Comment 13 Aryeh Gregor (not reading bugmail, please e-mail directly) 2006-06-01 05:59:19 UTC
(In reply to comment #12)
> Well, div elements are semantically void, and are used for grouping other
elements only.  Definition lists imply a 
> semantic meaning and relationship between their parts.

Yes, but a semantic meaning complete different from the actual meaning intended.
 That's significantly worse than no meaning at all.  Alternatives:

* <ul> would work.  However, it would be redundant with * unless we use
"list-style-type: none;", which has near-zero support at present as far as I can
tell.  Or else we could use "list-style-image:" with a blank image; is that
property widely supported?

* We could use <blockquote>.  This is possibly the most sensible, really.

Ultimately, it should be remembered that users *aren't* entering the indentation
with any universal semantic meaning; they're entering them for the indentation.
 So semantically speaking, presentational markup is probably the best thing to
translate any wikimarkup into.  (Remember when '' used to be <em>, and '''
<strong>?)
Comment 14 Joris Gillis 2006-06-01 18:06:57 UTC
I totally support the blockquotes.
Since they are block-level containers, they can be nested.

<blockquote>
	<p>foo</p>
	<blockquote>
		<p>bar</p>
		<blockquote>
			<p>baz</p>
		</blockquote>
	</blockquote>
</blockquote>

Comment 15 omniplex 2006-06-30 13:40:28 UTC
The behaviour of colon / semicolon should stay as is.
Div-style hacks won't work without CSS, and each colon
a new paragraph makes no sense, for that effect I can
simply add an empty line:

: indented line
: indented line (same para)

: new indented parahraph.

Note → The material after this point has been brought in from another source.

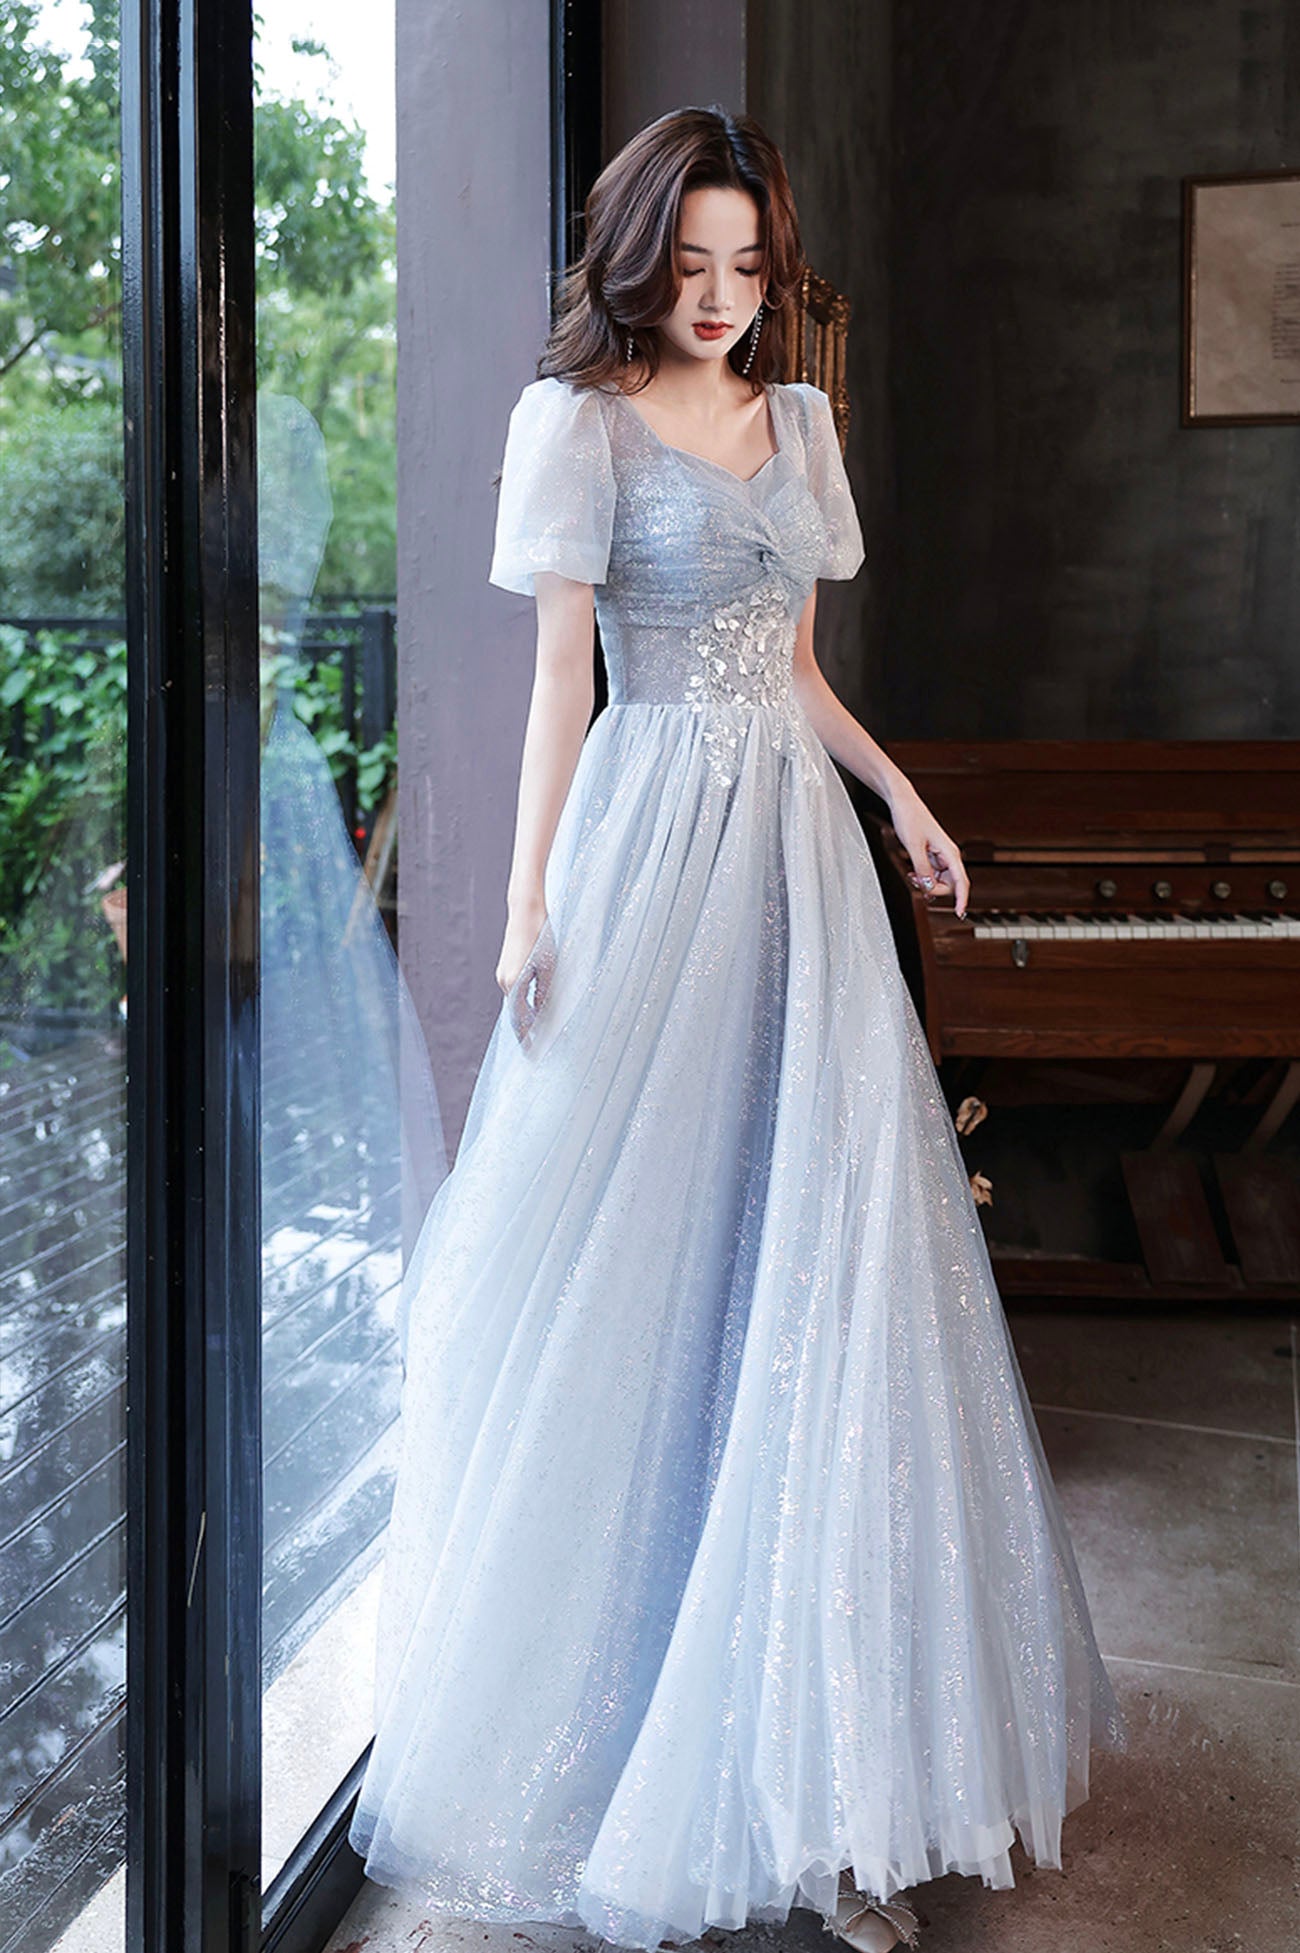 Blue Shiny Tulle Long A-Line Prom Dress, Blue Short Sleeve Evening Dress

Cheers.
Comment 16 Aryeh Gregor (not reading bugmail, please e-mail directly) 2006-06-30 18:21:34 UTC
(In reply to comment #15)
> The behaviour of colon / semicolon should stay as is.
> Div-style hacks won't work without CSS

Which is a problem for all fifty people who don't use CSS . . . how does Lynx
render <dd> anyway?

> and each colon
> a new paragraph makes no sense, for that effect I can
> simply add an empty line:

Which works until you're working on a second-level list, and the underlying list
is a UL or OL.  Try the following:

#Number
#:Comment

#:Comment
#Another number

*Bullet
*:Comment

*:Comment
*Another bullet

They don't work too well.  Most people, I've observed, just make do with a
linebreak when it's necessary, whereas I pedantically insert <p>s manually to
break my comments into paragraphs.  But that issue is minor, I suppose.
Comment 17 Michael Zajac 2006-06-30 21:47:09 UTC
>> Div-style hacks won't work without CSS

> Which is a problem for all fifty people who don't use CSS

Divs are semantically meaningless.  Using divs + css to create so-called 
structure on a page is just inadequate, 1999-style markup, unworthy of 
open software Wikimedia or a forward-looking project like Wikipedia.

For some perspective, see "level 4" at both:

  Levels of CSS knowledge
  <http://friendlybit.com/css/levels-of-css-knowledge/>

  Levels of HTML knowledge
  <http://www.456bereastreet.com/archive/200605/
levels_of_html_knowledge/>
Comment 18 Aryeh Gregor (not reading bugmail, please e-mail directly) 2006-06-30 21:56:55 UTC
(In reply to comment #17)
> Divs are semantically meaningless.  Using divs + css to create so-called 
> structure on a page is just inadequate, 1999-style markup, unworthy of 
> open software Wikimedia or a forward-looking project like Wikipedia.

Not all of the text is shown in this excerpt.